> **Instructions to follow**
Return only the lines running from the top of the entries to the line with "user-journey-buyer-personas.jpg", inclusive, exactly as written.

Items from a data source:

-- Opening Marker --

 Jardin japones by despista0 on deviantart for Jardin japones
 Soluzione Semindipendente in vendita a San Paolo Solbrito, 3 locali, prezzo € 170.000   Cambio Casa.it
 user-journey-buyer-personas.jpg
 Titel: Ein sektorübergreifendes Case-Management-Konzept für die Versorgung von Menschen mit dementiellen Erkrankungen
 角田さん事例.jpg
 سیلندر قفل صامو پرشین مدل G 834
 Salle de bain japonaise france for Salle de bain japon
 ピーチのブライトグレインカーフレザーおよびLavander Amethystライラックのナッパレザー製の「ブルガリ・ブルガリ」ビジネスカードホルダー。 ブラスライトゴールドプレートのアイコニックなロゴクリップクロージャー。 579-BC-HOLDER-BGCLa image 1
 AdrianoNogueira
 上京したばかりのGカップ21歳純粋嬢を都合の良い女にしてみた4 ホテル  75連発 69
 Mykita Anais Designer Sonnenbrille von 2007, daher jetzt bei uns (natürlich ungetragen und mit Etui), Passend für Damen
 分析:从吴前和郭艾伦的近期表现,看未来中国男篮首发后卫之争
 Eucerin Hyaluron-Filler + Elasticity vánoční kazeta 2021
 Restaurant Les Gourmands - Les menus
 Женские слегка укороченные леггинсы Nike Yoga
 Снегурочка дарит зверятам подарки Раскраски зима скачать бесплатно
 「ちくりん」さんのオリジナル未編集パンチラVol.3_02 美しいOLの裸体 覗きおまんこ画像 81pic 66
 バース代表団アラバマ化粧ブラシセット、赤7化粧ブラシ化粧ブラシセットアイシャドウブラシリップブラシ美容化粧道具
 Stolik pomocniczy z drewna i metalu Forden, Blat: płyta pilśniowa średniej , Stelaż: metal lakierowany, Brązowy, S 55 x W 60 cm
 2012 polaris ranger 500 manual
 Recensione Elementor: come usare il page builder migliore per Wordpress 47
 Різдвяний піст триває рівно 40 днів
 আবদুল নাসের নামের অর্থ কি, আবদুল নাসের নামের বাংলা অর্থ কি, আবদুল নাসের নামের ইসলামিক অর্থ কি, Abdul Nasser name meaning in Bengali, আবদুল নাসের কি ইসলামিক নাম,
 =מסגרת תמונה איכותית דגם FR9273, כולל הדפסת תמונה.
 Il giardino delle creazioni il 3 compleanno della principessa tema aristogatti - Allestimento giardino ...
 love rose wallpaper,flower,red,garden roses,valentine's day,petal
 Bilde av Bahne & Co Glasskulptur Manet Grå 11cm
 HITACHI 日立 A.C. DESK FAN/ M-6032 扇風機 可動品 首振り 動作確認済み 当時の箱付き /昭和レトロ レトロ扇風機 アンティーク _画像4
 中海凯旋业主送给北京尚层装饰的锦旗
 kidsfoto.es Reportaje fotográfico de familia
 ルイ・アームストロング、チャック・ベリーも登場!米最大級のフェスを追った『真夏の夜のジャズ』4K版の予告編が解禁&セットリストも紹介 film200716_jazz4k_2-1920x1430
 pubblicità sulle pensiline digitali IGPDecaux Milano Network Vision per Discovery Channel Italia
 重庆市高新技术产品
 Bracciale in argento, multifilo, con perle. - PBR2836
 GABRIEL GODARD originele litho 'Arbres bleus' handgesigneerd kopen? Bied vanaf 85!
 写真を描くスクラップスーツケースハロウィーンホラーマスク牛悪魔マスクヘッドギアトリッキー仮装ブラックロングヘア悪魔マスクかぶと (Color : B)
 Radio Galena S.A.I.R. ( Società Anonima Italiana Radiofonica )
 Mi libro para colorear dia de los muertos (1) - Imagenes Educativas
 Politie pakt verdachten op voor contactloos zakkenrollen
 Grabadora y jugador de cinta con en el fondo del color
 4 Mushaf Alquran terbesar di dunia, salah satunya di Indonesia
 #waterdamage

-- Closing Marker --

> **Solution to this problem**
 Jardin japones by despista0 on deviantart for Jardin japones
 Soluzione Semindipendente in vendita a San Paolo Solbrito, 3 locali, prezzo € 170.000   Cambio Casa.it
 user-journey-buyer-personas.jpg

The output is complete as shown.